Taking Care of Old Tractors

Have you ever wanted to drive a big old tractor, the kind that shakes windows, blasts eardrums, and gives off enough pollution to destroy the ozone? I'll confess that I have. How about something really old, like a 1920 Holt 75? Now, pretend you've found one. How do you start and drive it, let alone repair and keep it running? It's not as though former operators and mechanics from 1920 can be speed dialed for advice.

Enter the Agricultural Technology Collection, in the archives of the San Joaquin County Historical Museum. As its name indicates, the collection brings together an assortment of publications that address the assembly, operation, and repair of old agricultural machinery. Recently, Nick Jackson, an intern and graduate student from the School of Library and Information Science at San Jose State University, finished arranging, describing, and preparing a guide to the collection. In addition, he coded an electronic version that can be found at the Online Archive of California.

This is a large collection. It includes more than one thousand items. In fact, it's so big that the Museum burned through two workers making it available for patrons. The summer before last, Matthew Keeling, a history major at California State University, Chico, started organizing and describing it before needing to cut his efforts short to head back to school.

So what's in the collection? Here's a sample of brand names it includes: Allis-Chalmers, Blackwelder Manufacturing, Buda Company, C.L. Best Tractor Company, Caterpillar, Cleveland Tractor, Cummins Engine, John Deere, Graham-Paige Motors, Harris Harvester, Holt Manufacturing, International Harvester, and Yuba Manufacturing.

The Museum holds other agricultural technology publications, as well. Some can be found scattered among other collections, and a small number of related catalogs, brochures, and assorted promotional publications are still waiting to be arranged and described.

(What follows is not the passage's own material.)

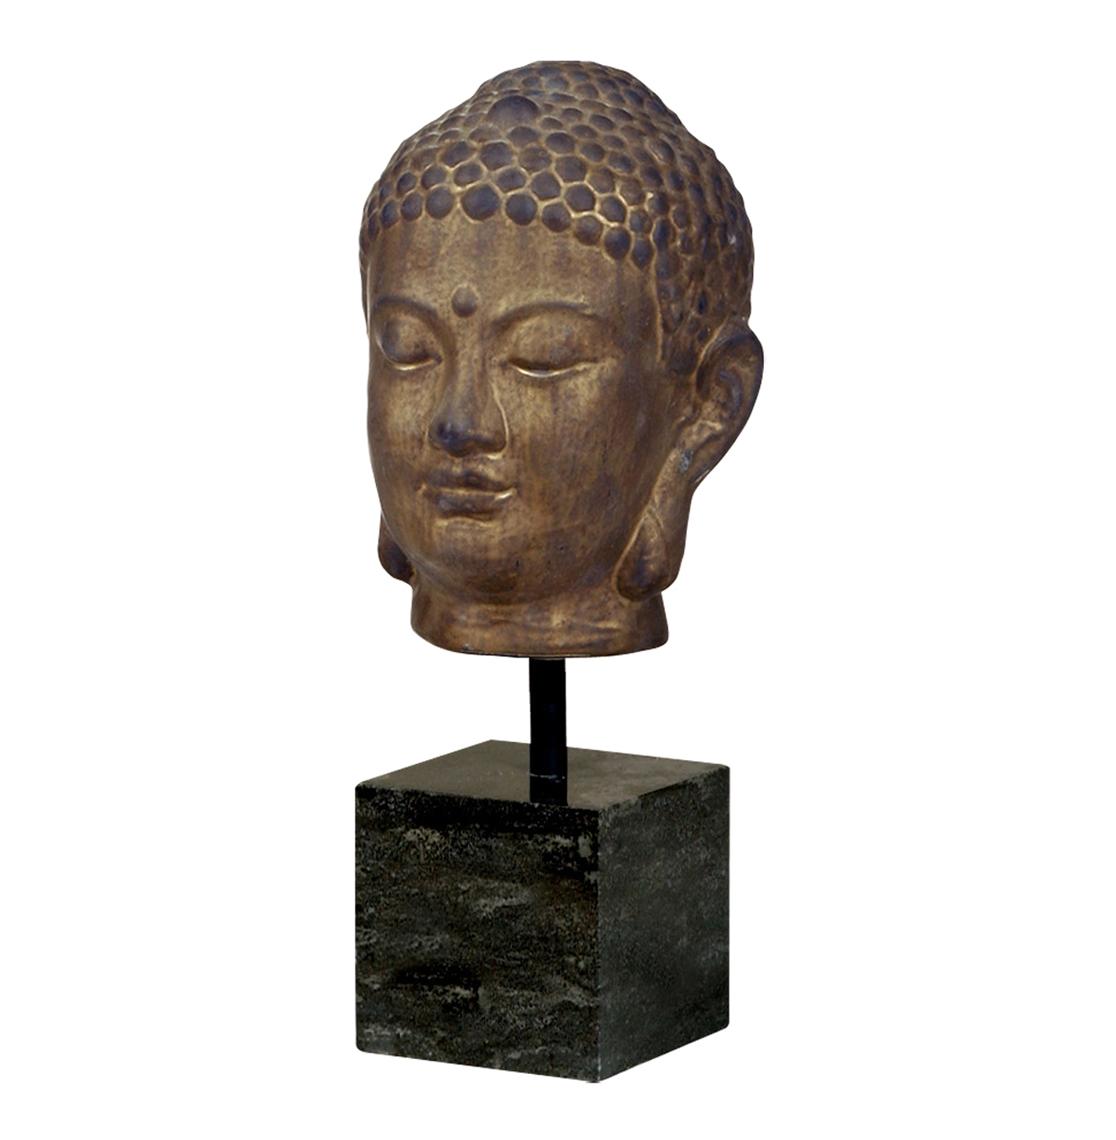 Large Bronze Buddha Head Sculpture on Marble Base
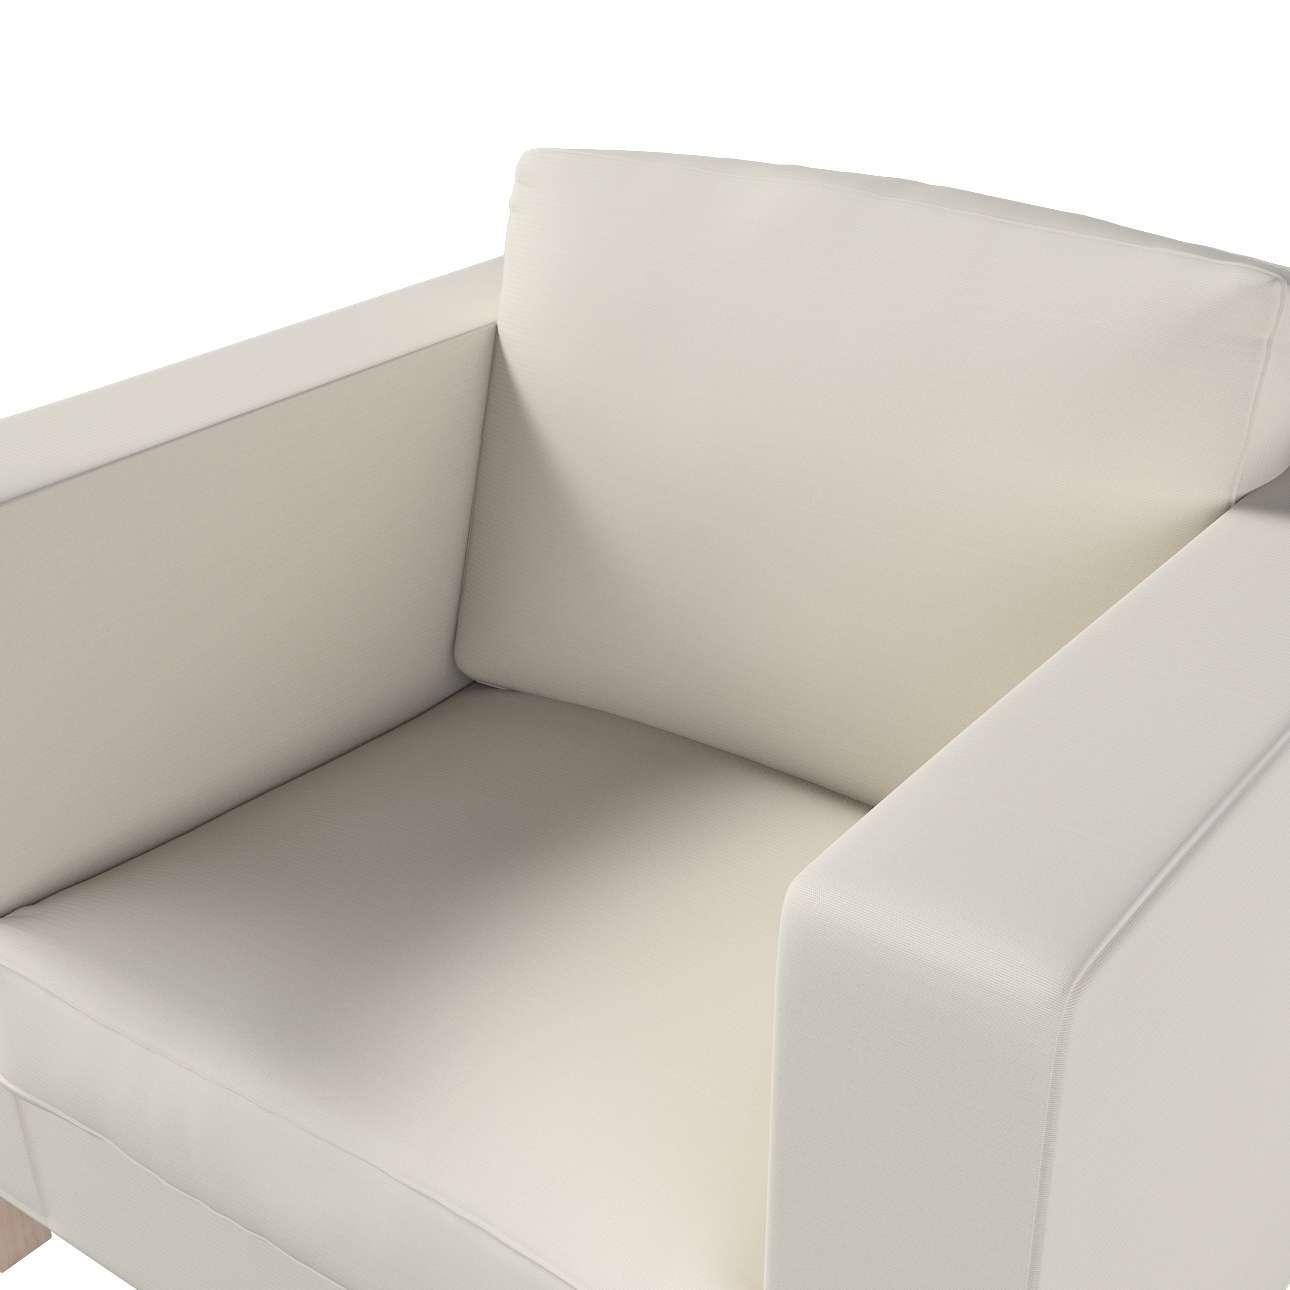 Karlanda fotelhuzat rövid a kollekcióból Cotton Panama Bútorszövet, Dekoranyag: 702-31

The Agricultural Technology Collection promises to be especially useful for a group of tractor buffs who gather regularly at the Museum to restore antique machinery. However, anybody interested in the operation, repair, and maintenance of such equipment is invited to view items in the collection—by appointment—at the Museum's library.

Once again, the online version of the finding aid can be viewed at the Online Archive of California.